=== Data block ===
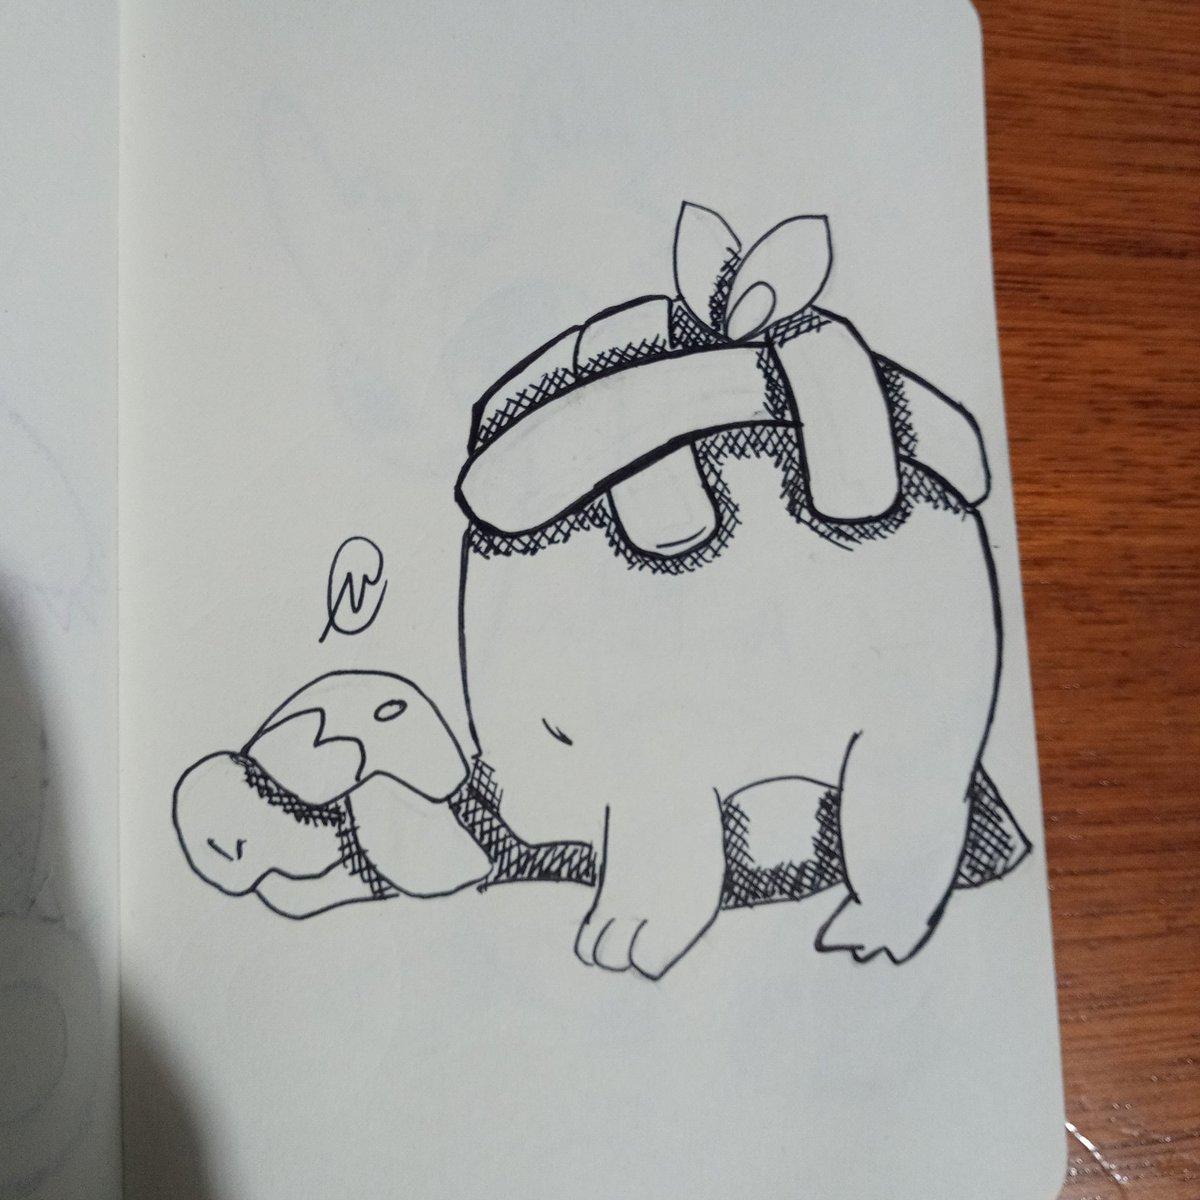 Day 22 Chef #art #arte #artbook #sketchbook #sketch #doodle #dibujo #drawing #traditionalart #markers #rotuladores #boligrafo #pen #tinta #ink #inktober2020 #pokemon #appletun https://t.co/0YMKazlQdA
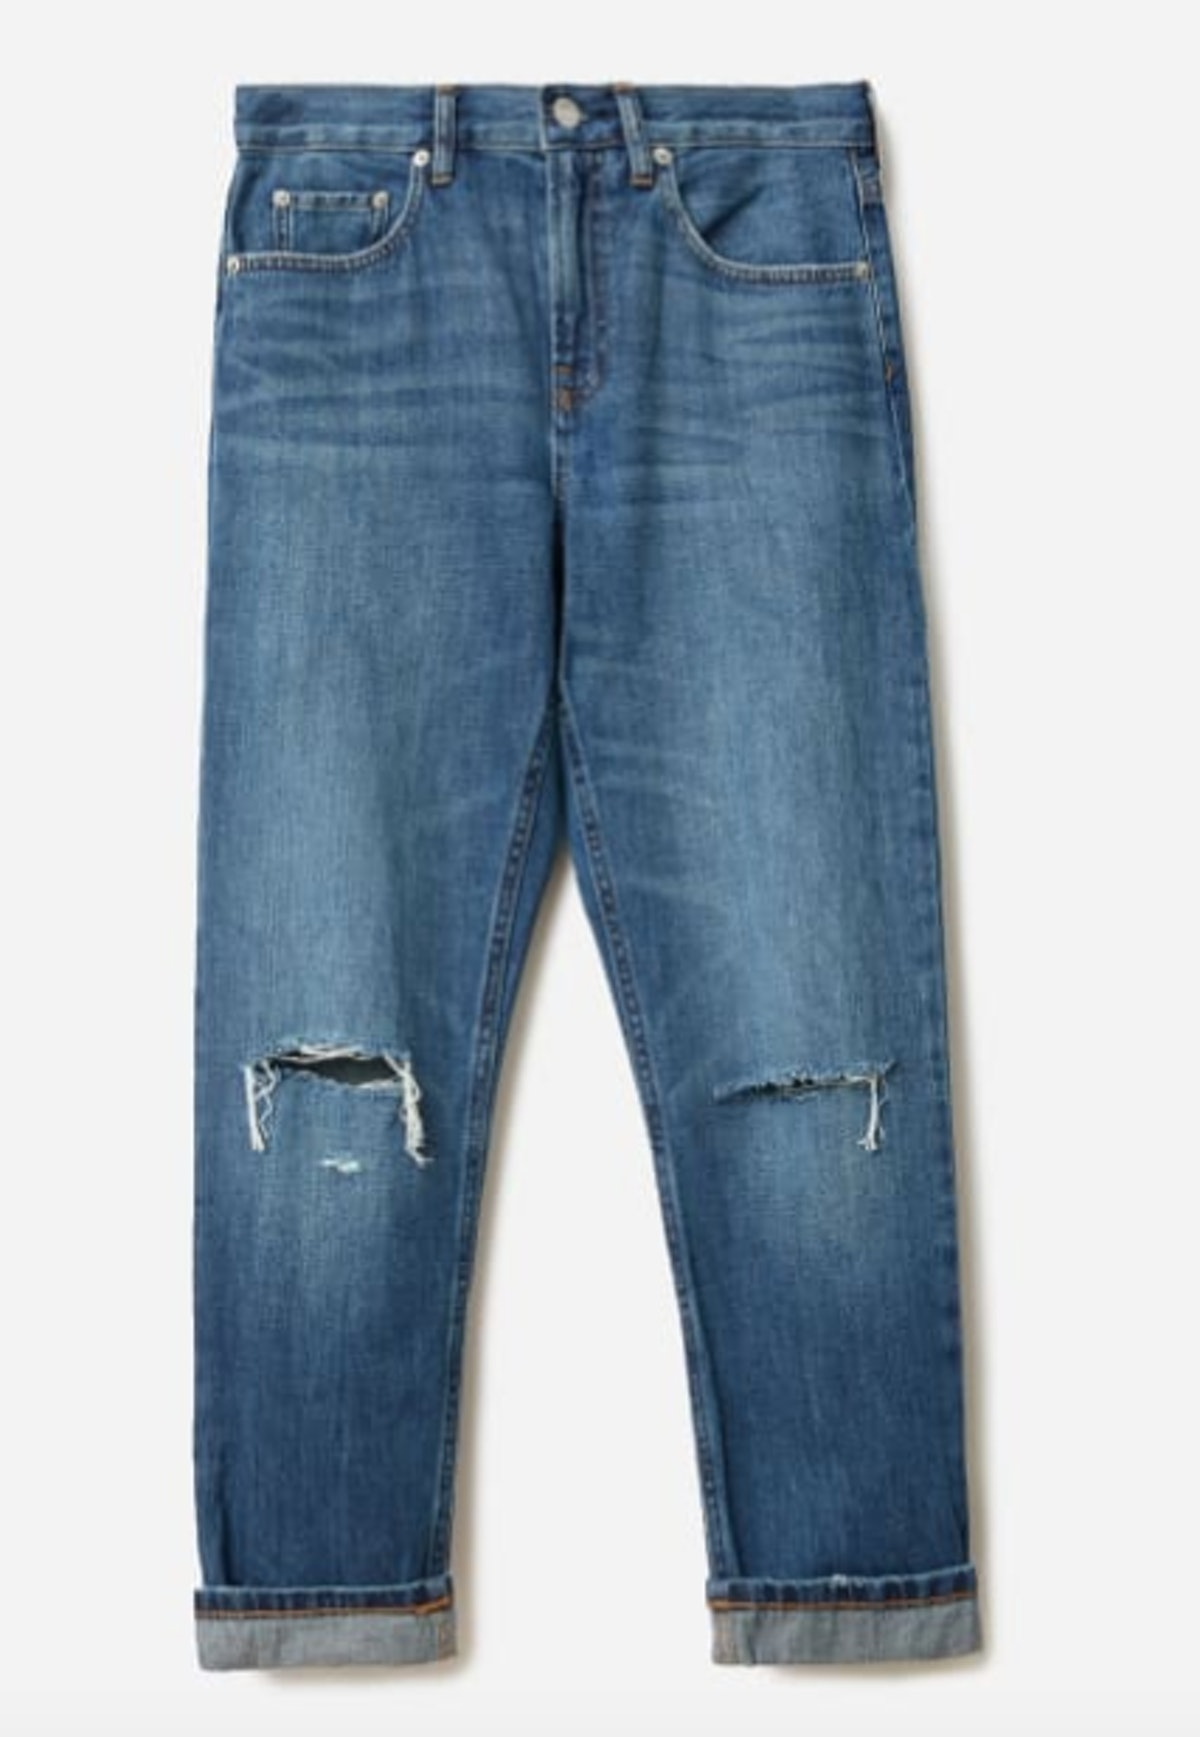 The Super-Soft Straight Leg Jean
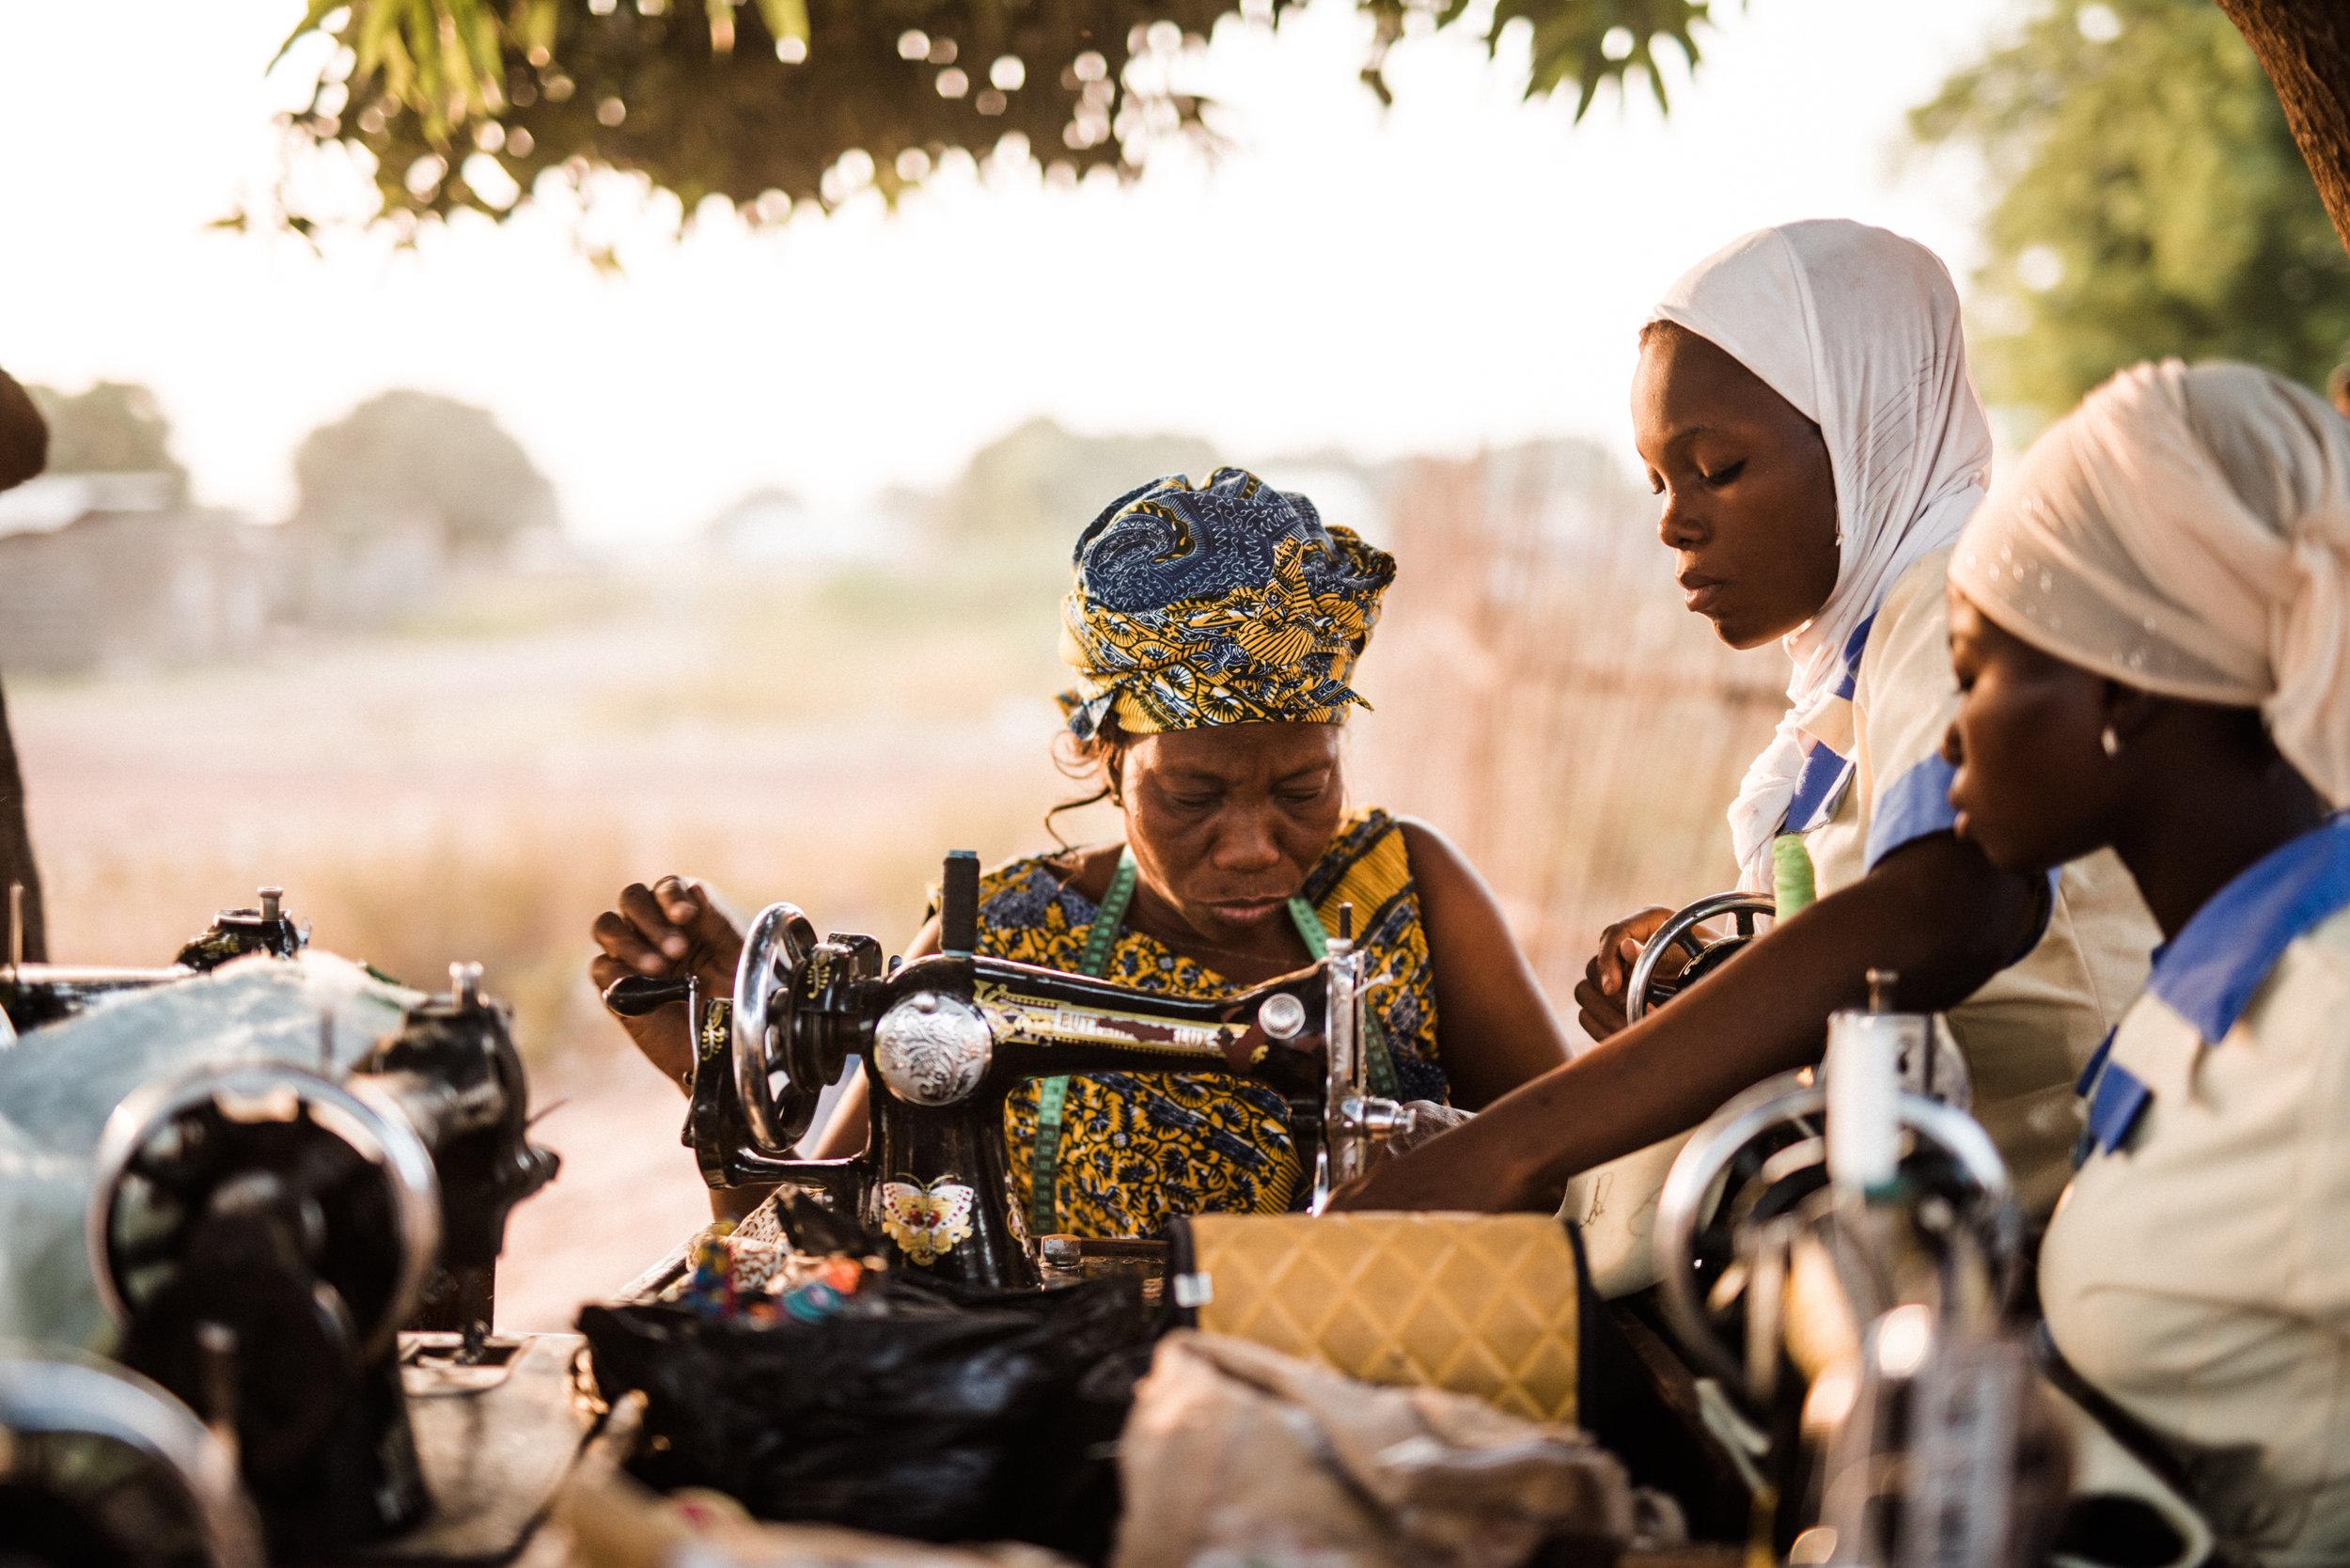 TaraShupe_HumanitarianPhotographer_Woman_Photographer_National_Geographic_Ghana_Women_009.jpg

=== What the task asks ===
Each line of the listing above must be given again exactly; the pictures are to be left out.

=== Exercise output ===
 Day 22 Chef #art #arte #artbook #sketchbook #sketch #doodle #dibujo #drawing #traditionalart #markers #rotuladores #boligrafo #pen #tinta #ink #inktober2020 #pokemon #appletun https://t.co/0YMKazlQdA
 The Super-Soft Straight Leg Jean
 TaraShupe_HumanitarianPhotographer_Woman_Photographer_National_Geographic_Ghana_Women_009.jpg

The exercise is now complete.